What is a 10-K Filing? Definition, Formula, and Example
A 10-K is a comprehensive annual report every U.S. public company must file with the SEC, disclosing audited financials, risk factors, and management's discussion of the business in full detail.
10-K Filing: Plain-English Definition
A 10-K is the annual report every company listed on a U.S. exchange is legally required to file with the Securities and Exchange Commission. It's the single most detailed disclosure document a public company produces — far more thorough than the glossy annual report mailed to shareholders. A 10-K contains audited financial statements, a full risk-factors section, management's discussion and analysis (MD&A) of results, executive compensation summaries, legal proceedings, and details on business segments, competition, and supply chains. Every fact in a 10-K is filed under legal liability — misstatements expose executives to SEC enforcement and shareholder litigation, which is why 10-Ks are far more conservative and hedged in language than earnings-call commentary or press releases.
How It's Structured
The SEC mandates a standard format across four parts:
- Part I — Business description, risk factors, and legal proceedings.
- Part II — Selected financial data, MD&A, audited financial statements (income statement, balance sheet, cash flow statement, and footnotes), and disclosures about market risk.
- Part III — Executive compensation, ownership by directors/officers, and related-party transactions (often incorporated by reference from the annual proxy statement).
- Part IV — Exhibits, including material contracts.
Filing deadlines depend on company size: large accelerated filers (public float ≥ $700 million) have 60 days after fiscal year-end; accelerated filers ($75M-$700M) have 75 days; all others have 90 days. Companies also file quarterly 10-Q filings between annual 10-Ks, which are unaudited and less detailed.
Worked Example: Apple's FY2024 10-K
AAPL filed its FY2024 10-K on October 31, 2024, for the fiscal year ended September 28, 2024. The filing disclosed total net sales of $391.04 billion and net income of $93.74 billion, with diluted EPS of $6.08. Buried in the risk-factors section — not in the earnings-call highlight reel — was language on China market softness, regulatory exposure from the EU Digital Markets Act, and antitrust litigation risk tied to Google's default-search payments to Apple (over $20 billion/year, a figure that only surfaces in filings and court exhibits, not investor-day slides). The segment tables also broke out Services revenue growth separately from hardware, letting analysts model Apple's margin mix shift toward high-margin subscription revenue — detail no press release provides at this granularity.

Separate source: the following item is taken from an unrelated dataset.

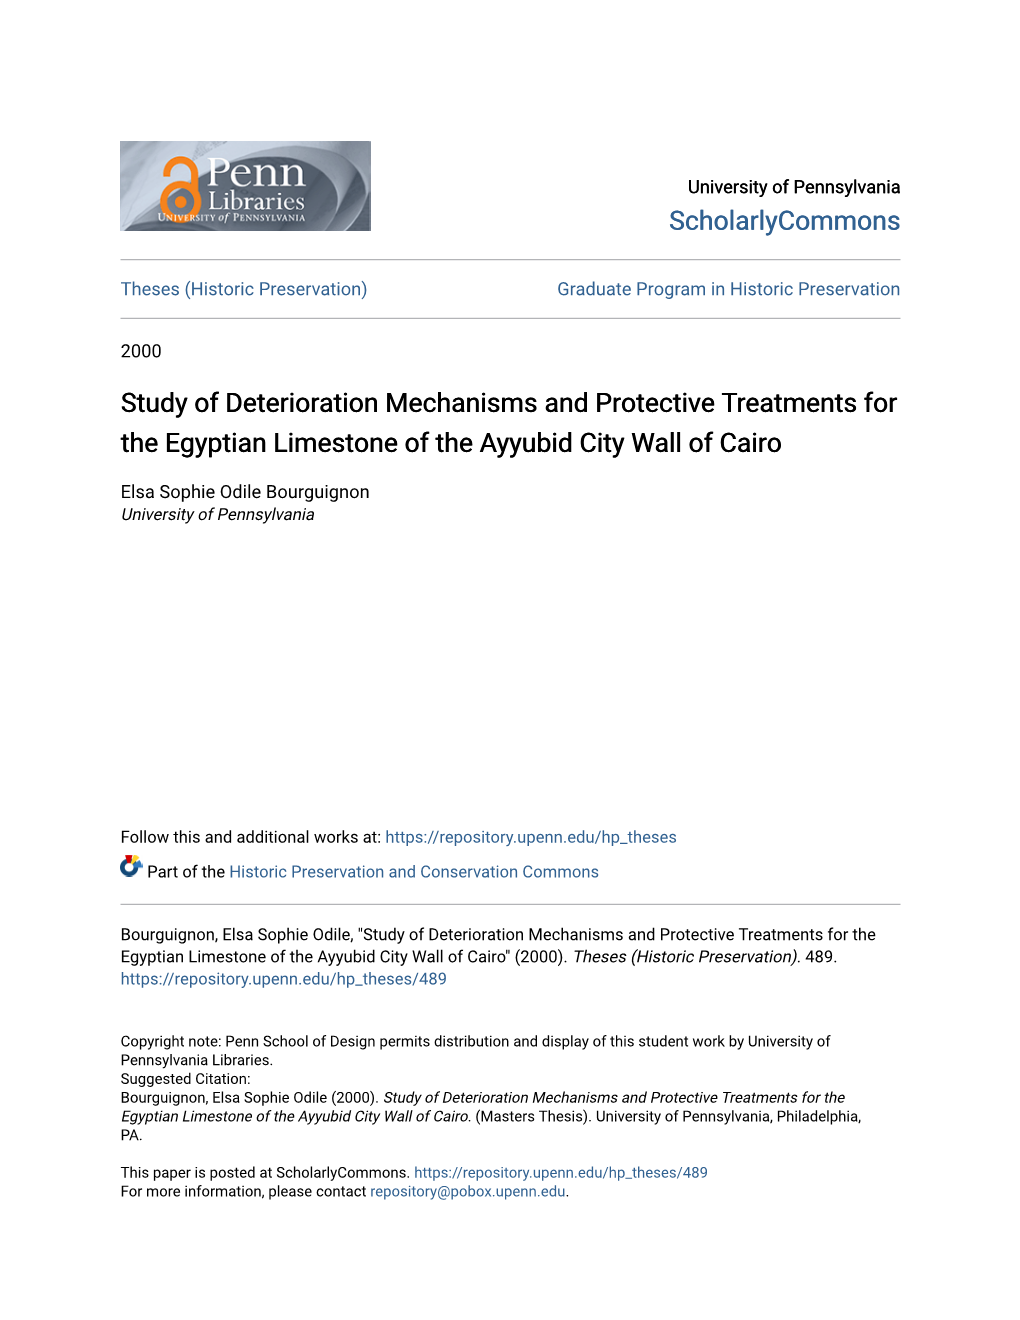 Study of Deterioration Mechanisms and Protective Treatments for the Egyptian Limestone of the Ayyubid City Wall of Cairo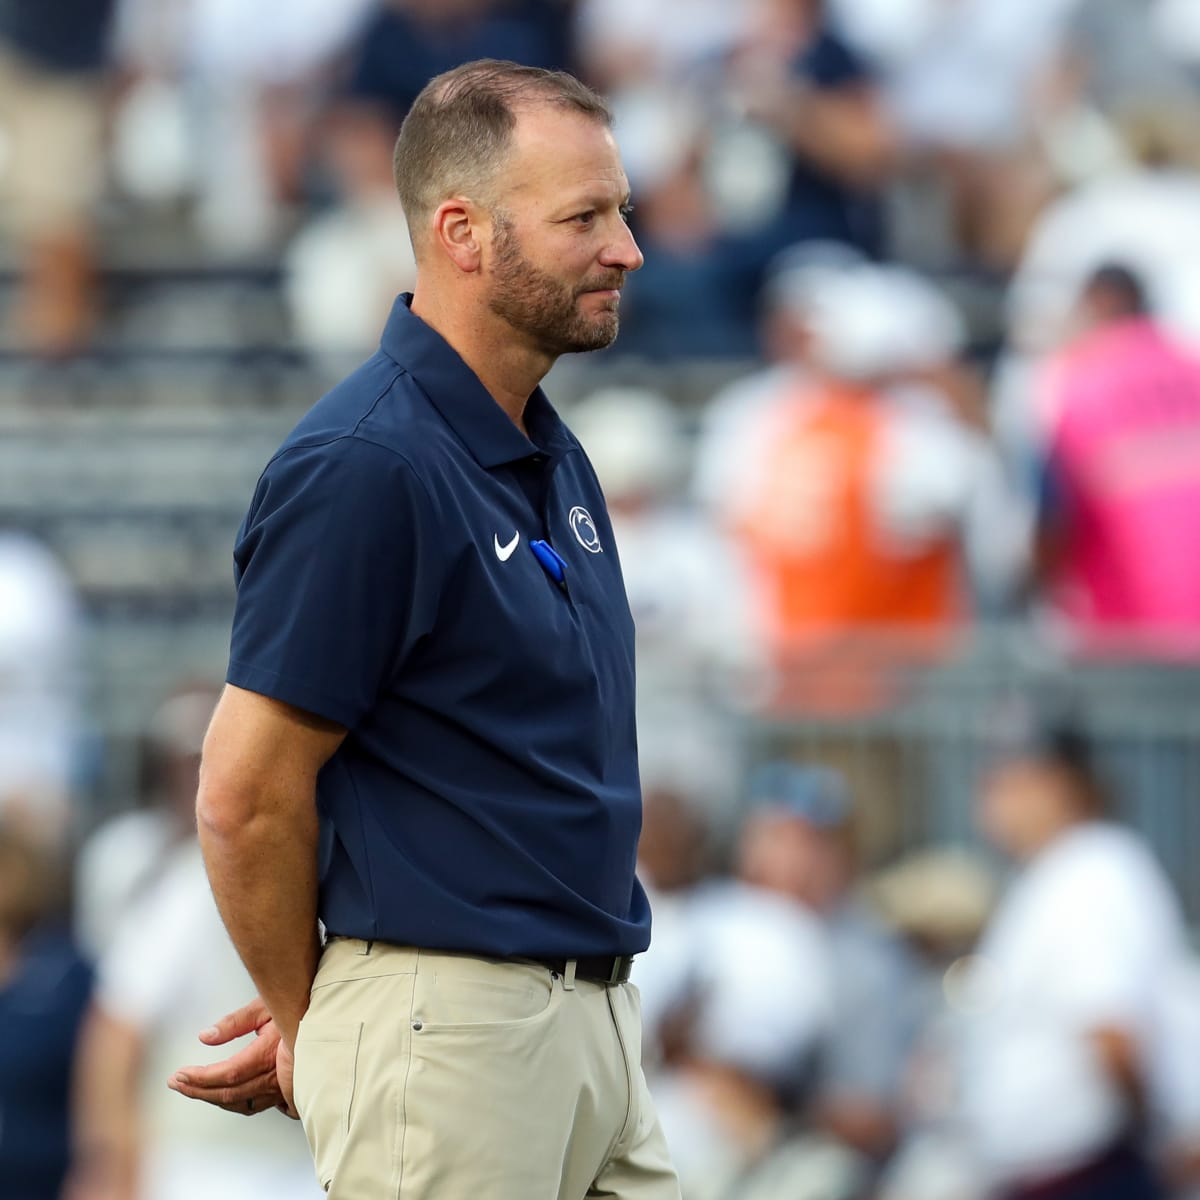 No. 6 Penn State has cause for concern, particularly on offense [opinion]

When Traders and Investors Use It
Fundamental analysts build financial models directly from 10-K statements rather than press releases, because the 10-K numbers are audited and the ones used in official filings for banks, ratings agencies, and index providers. The risk-factors section is read specifically for changes year over year — a new risk factor appearing for the first time (a new lawsuit, a customer concentration disclosure, a going-concern warning) is a materially informative signal that rarely gets separate news coverage. Short sellers and forensic analysts comb footnotes for aggressive revenue-recognition policies, off-balance-sheet obligations, and related-party transactions that don't show up in headline numbers. Long-term holders use multi-year 10-Ks to track how management's stated risk factors evolve, which is a proxy for how honestly a company is grading its own business.
Limitations and Common Misconceptions
A 10-K is backward-looking by design — it reports what already happened, filed up to 60-90 days after the fiscal year closed, so it is never a real-time picture of the business. Risk-factor sections are also written defensively by legal teams to preempt future litigation ("we may be adversely affected by..."), so the presence of a risk factor doesn't mean management believes it's likely — it means the lawyers wanted it on record. Non-GAAP figures companies emphasize in earnings releases (adjusted EBITDA, non-GAAP EPS) often differ meaningfully from the GAAP figures reported in the 10-K itself, and reconciliation tables are required precisely because the two diverge. Finally, a clean 10-K with no restatements doesn't guarantee fraud-free books — Enron and Wirecard both filed audited statements for years before collapsing.